Your home to over 150,000 silly Facebook statuses! Find the perfect witty, silly, or downright funny status to share with your friends and family. Check in daily for fresh updates!
The only thing I`m really learning from this 401K meeting at work this morning is that I`ll probably never be able to retire.
The object of golf.... is to play the least amount of golf.
Sorry I said "You`ll Do" instead of "I Do" at our wedding.
I`ll be back before you can pronounce actillimandataquerin altosapaoyabayadoondib ab!
I pretend I don`t care but deep down I really still don`t care.
Dear World, Stop saying "twerk."
If you think the things I say out loud are bad, you should hear the things I keep to myself.
I often confuse reptiles and amphibians.
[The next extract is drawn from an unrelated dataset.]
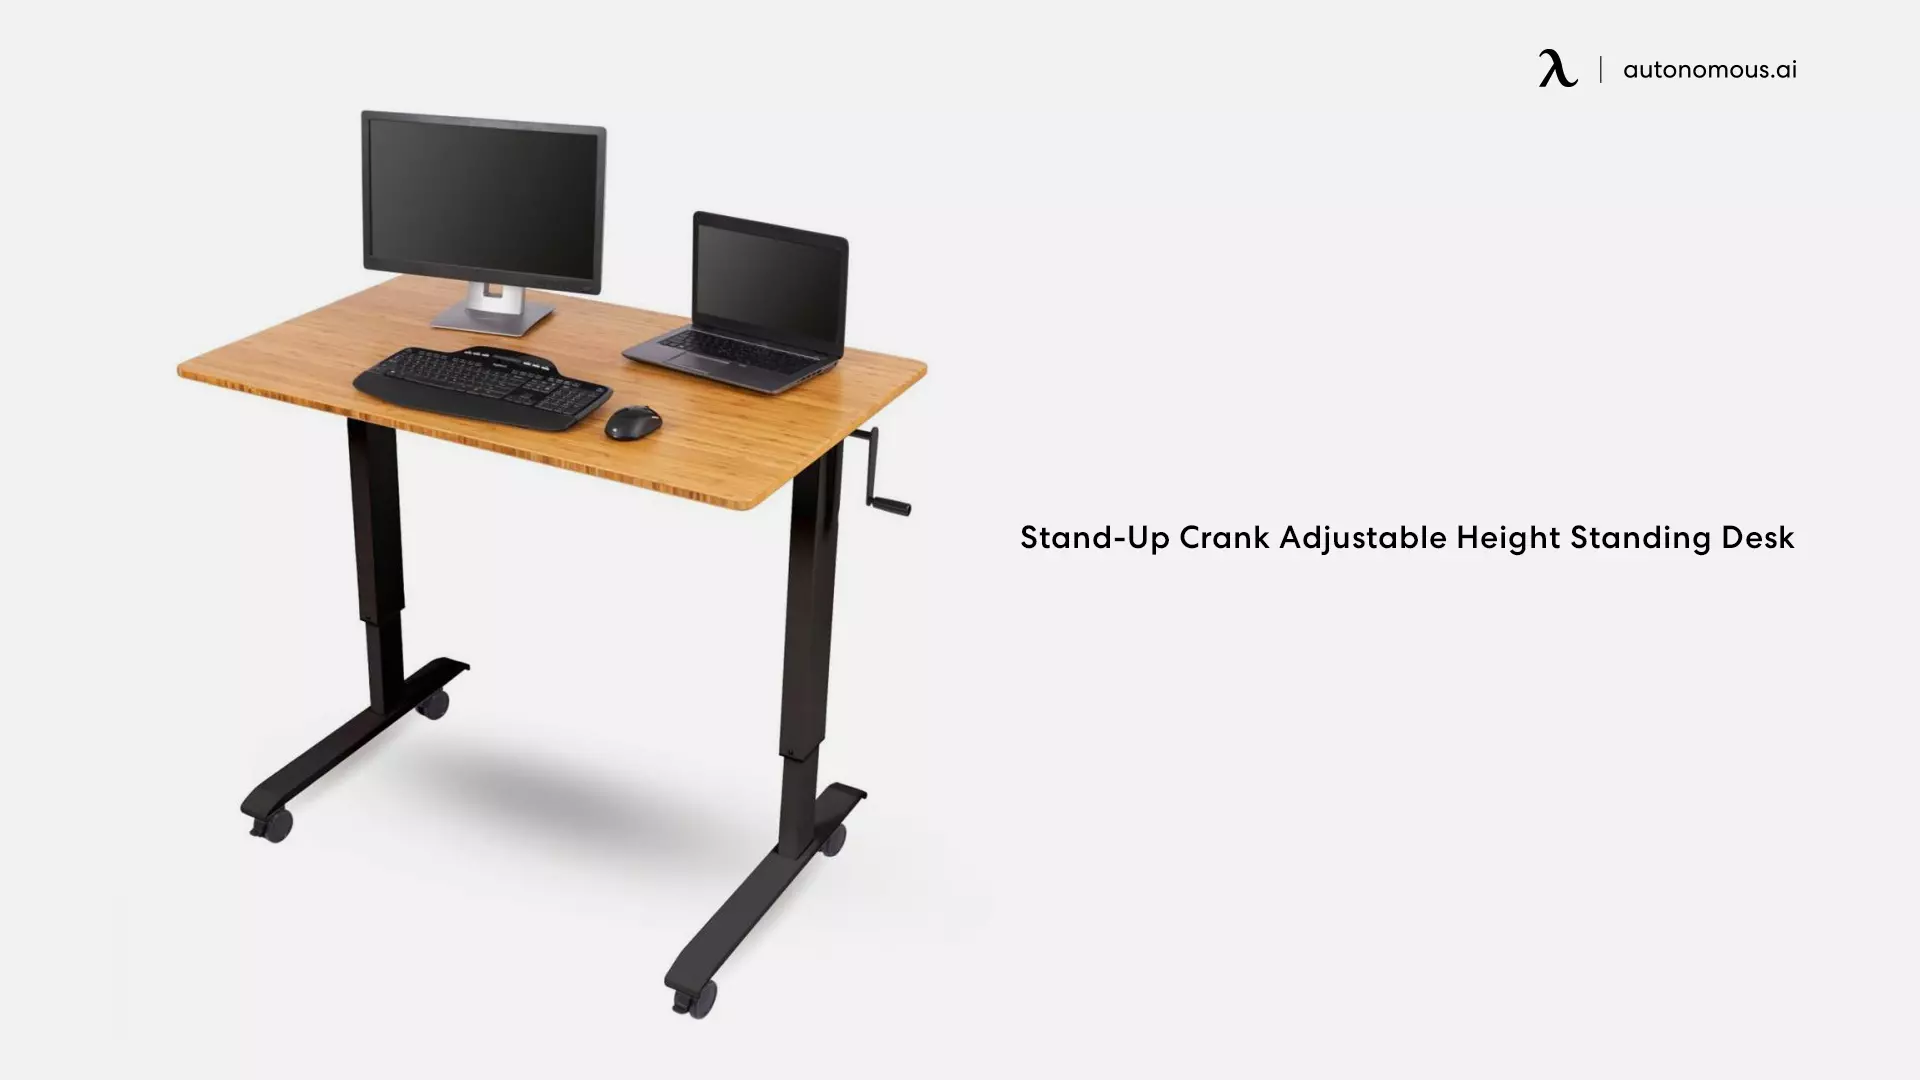 Stand-Up Crank Adjustable Height Standing Desk

Actually, if I`m being brutally honest, they pretty much never know what I`m talking about
I just watched a documentary on marijuana. I think all documentaries should be watched this way.
The first rule of Women`s fight club is don`t tell anyone what you`re mad about or why you`re fighting.
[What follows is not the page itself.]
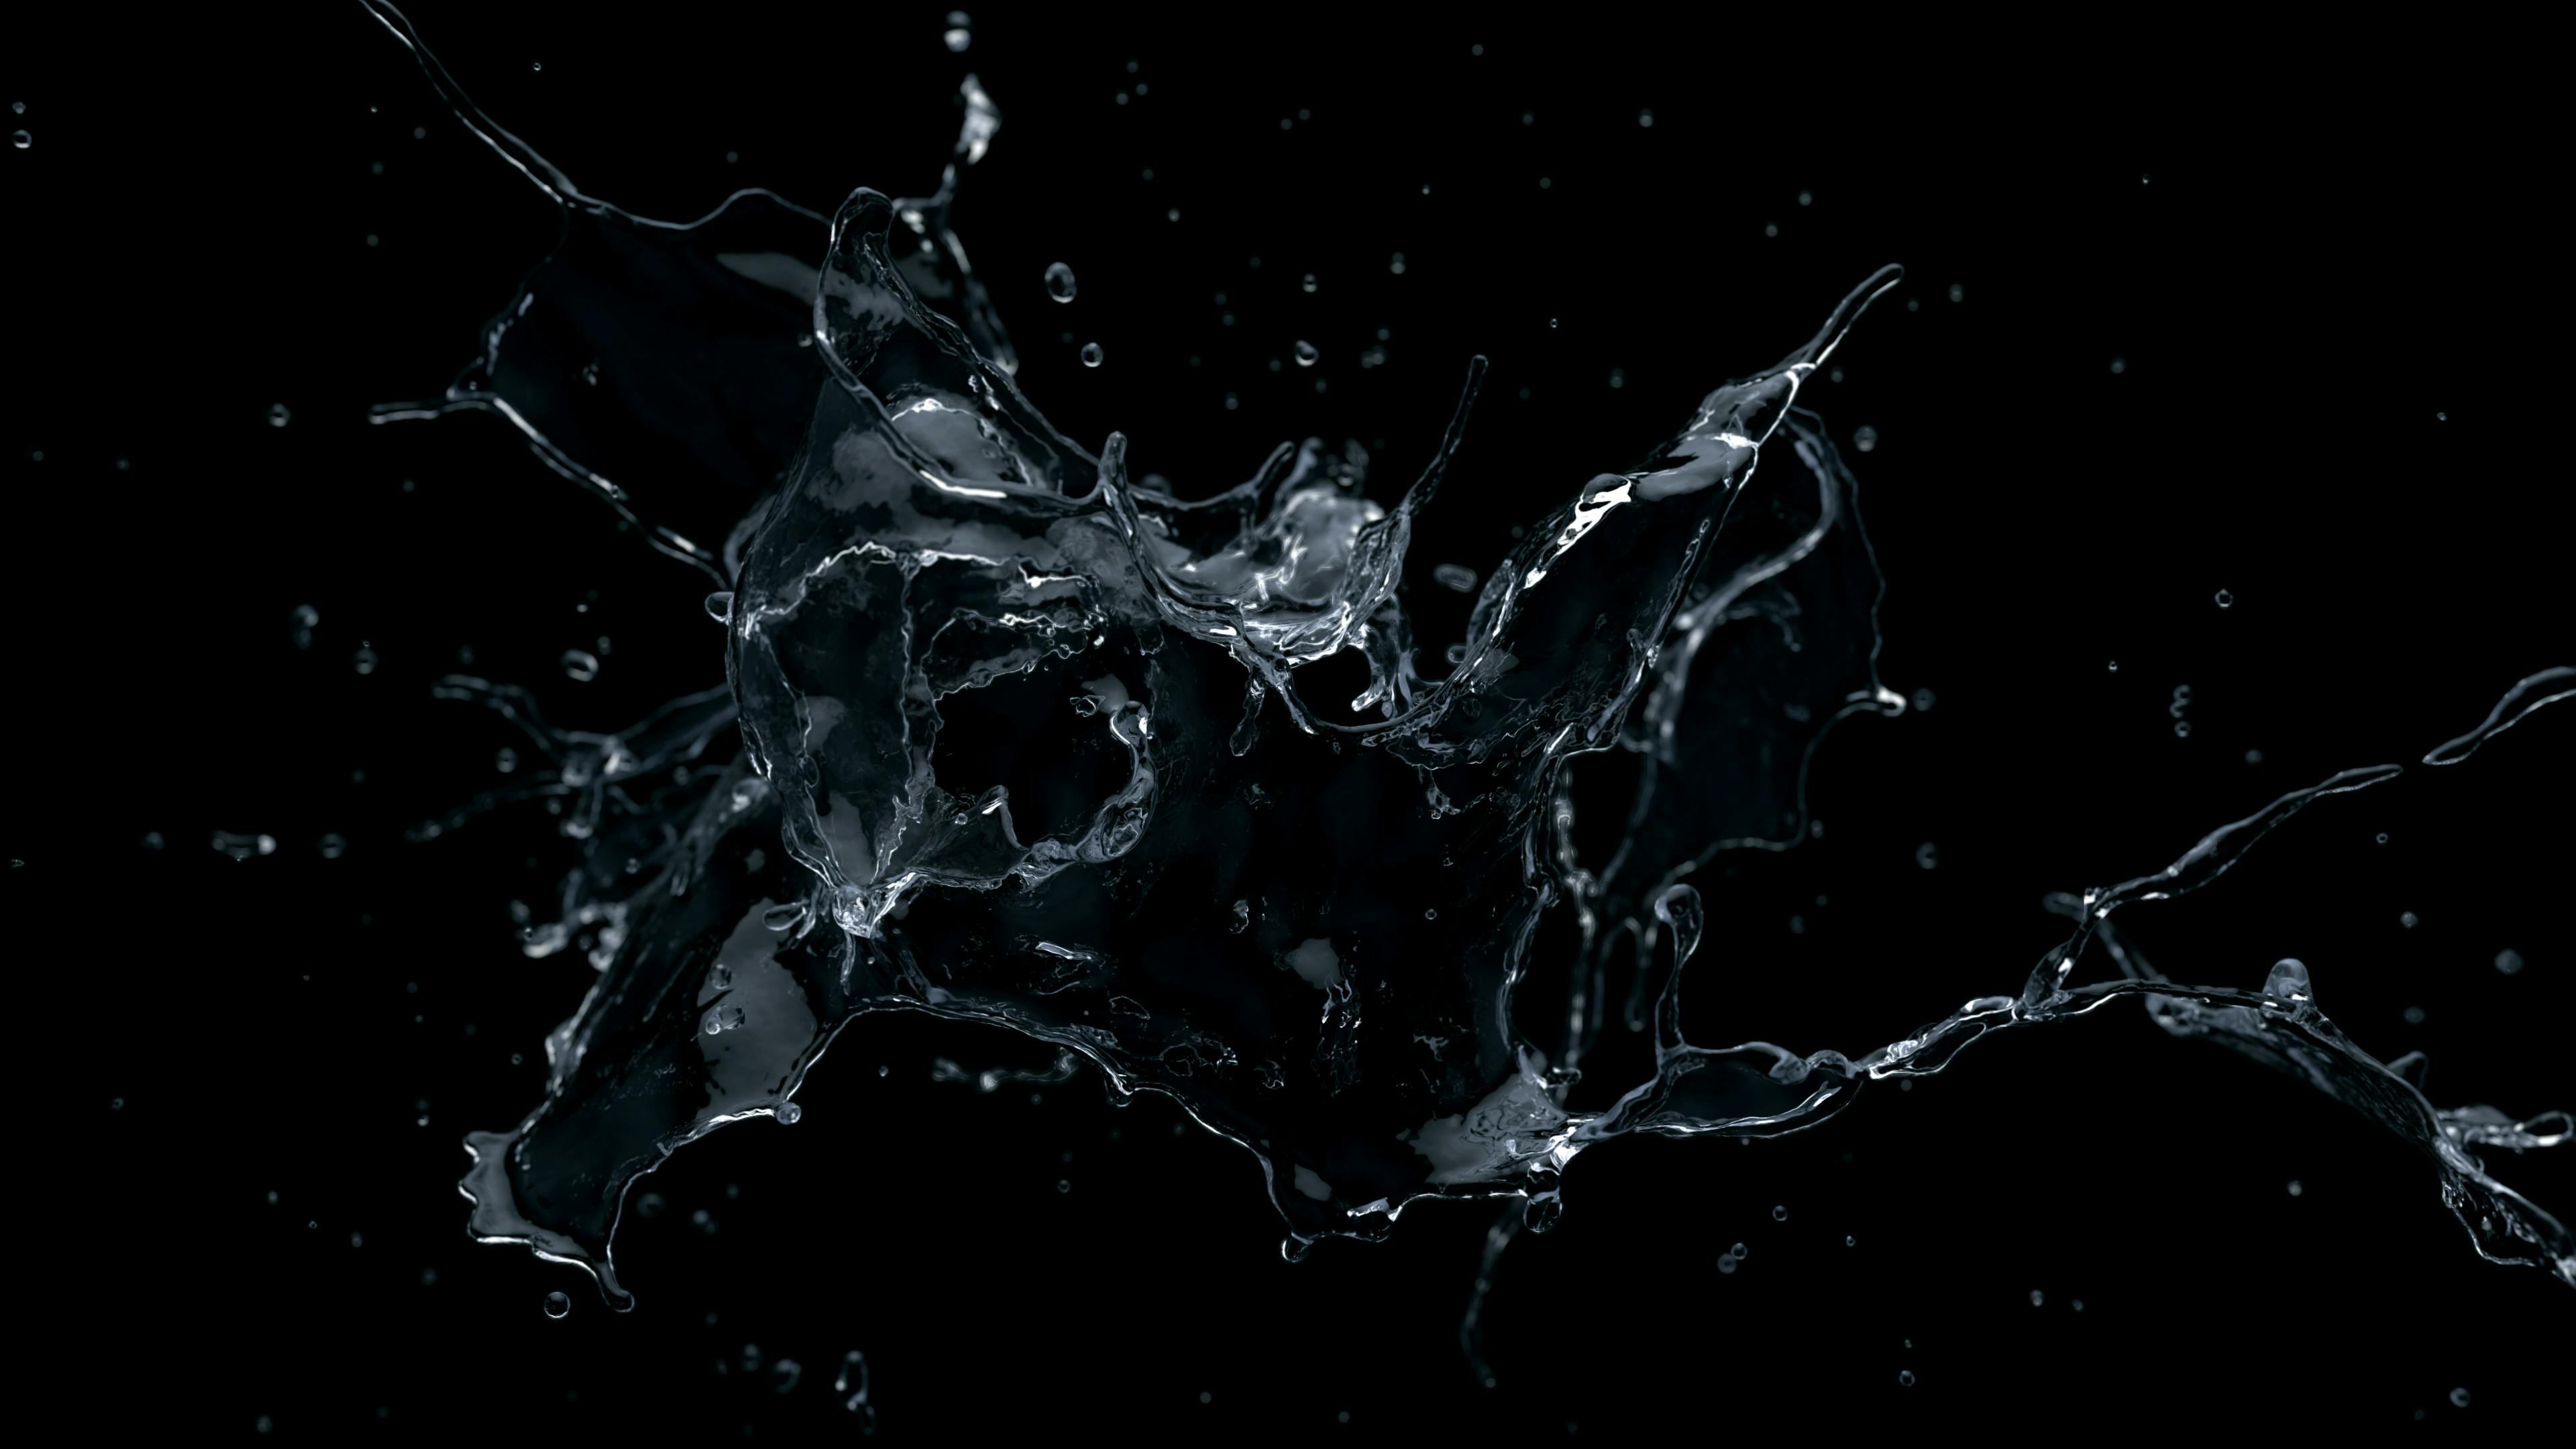 Water Splashing on Black Background · Free Stock Photo

Having a mohawk used to mean you were tough. Now it means youβre a 3 year-old with annoying parents.
I love my six pack abs so much that I cover them with a layer of fat .
If at first you don`t succeed, you`ll get a lot of free advice from folks who didn`t succeed either.
I think the saying "every man for himself" was made up by women tired of making sandwiches
If a dwarf smokes weed does he get high or medium?